• _EXERCISE DATA_:
=== Begin Enclosure ===

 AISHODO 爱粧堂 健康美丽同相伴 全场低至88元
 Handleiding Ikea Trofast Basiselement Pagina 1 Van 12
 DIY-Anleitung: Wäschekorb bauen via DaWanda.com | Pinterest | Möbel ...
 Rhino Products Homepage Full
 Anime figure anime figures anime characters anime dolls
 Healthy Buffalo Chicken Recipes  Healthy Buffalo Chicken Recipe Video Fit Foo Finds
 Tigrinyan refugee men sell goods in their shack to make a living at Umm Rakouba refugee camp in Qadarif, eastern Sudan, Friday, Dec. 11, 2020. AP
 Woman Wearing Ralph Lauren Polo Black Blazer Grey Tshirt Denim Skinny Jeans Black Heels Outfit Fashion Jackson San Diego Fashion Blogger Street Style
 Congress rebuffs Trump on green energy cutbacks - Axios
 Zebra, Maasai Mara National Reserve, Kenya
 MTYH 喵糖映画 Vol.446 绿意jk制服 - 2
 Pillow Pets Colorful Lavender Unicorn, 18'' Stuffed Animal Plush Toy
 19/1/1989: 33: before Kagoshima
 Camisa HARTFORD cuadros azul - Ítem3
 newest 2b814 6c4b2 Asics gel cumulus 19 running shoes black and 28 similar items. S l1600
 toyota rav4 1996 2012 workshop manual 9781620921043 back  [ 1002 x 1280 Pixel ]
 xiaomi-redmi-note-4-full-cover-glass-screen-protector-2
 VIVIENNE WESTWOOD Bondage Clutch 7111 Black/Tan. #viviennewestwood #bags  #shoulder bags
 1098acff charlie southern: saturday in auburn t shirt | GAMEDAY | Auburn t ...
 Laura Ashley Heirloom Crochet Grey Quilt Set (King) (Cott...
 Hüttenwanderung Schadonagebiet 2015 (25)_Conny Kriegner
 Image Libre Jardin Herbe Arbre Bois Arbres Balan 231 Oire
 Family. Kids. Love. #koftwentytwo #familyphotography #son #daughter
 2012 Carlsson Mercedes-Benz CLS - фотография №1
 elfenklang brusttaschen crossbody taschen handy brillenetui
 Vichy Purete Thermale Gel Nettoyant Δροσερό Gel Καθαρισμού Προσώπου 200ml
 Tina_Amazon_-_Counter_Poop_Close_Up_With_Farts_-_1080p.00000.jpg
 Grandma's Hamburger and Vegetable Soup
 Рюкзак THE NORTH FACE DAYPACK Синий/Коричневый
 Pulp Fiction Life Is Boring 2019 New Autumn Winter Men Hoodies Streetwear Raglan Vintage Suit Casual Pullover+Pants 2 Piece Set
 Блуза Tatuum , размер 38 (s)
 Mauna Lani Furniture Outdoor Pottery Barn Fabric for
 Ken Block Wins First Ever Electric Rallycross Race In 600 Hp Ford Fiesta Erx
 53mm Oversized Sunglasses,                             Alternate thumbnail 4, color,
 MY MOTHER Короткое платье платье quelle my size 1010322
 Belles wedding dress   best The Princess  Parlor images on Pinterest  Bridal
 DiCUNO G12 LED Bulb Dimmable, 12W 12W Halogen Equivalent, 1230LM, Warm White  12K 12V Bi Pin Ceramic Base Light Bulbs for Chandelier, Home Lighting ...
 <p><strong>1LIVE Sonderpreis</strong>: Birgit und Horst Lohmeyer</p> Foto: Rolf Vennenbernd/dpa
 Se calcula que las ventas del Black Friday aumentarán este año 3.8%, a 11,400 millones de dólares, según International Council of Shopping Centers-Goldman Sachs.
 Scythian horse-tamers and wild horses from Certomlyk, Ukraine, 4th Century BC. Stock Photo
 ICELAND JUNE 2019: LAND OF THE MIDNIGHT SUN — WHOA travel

=== End Enclosure ===

• _WHAT TO DO_: Can you repeat, word for word, every line above from the one containing "Anime figure anime" down to the one containing "Tigrinyan refugee men", including both?

• _TASK ANSWER_:
 Anime figure anime figures anime characters anime dolls
 Healthy Buffalo Chicken Recipes  Healthy Buffalo Chicken Recipe Video Fit Foo Finds
 Tigrinyan refugee men sell goods in their shack to make a living at Umm Rakouba refugee camp in Qadarif, eastern Sudan, Friday, Dec. 11, 2020. AP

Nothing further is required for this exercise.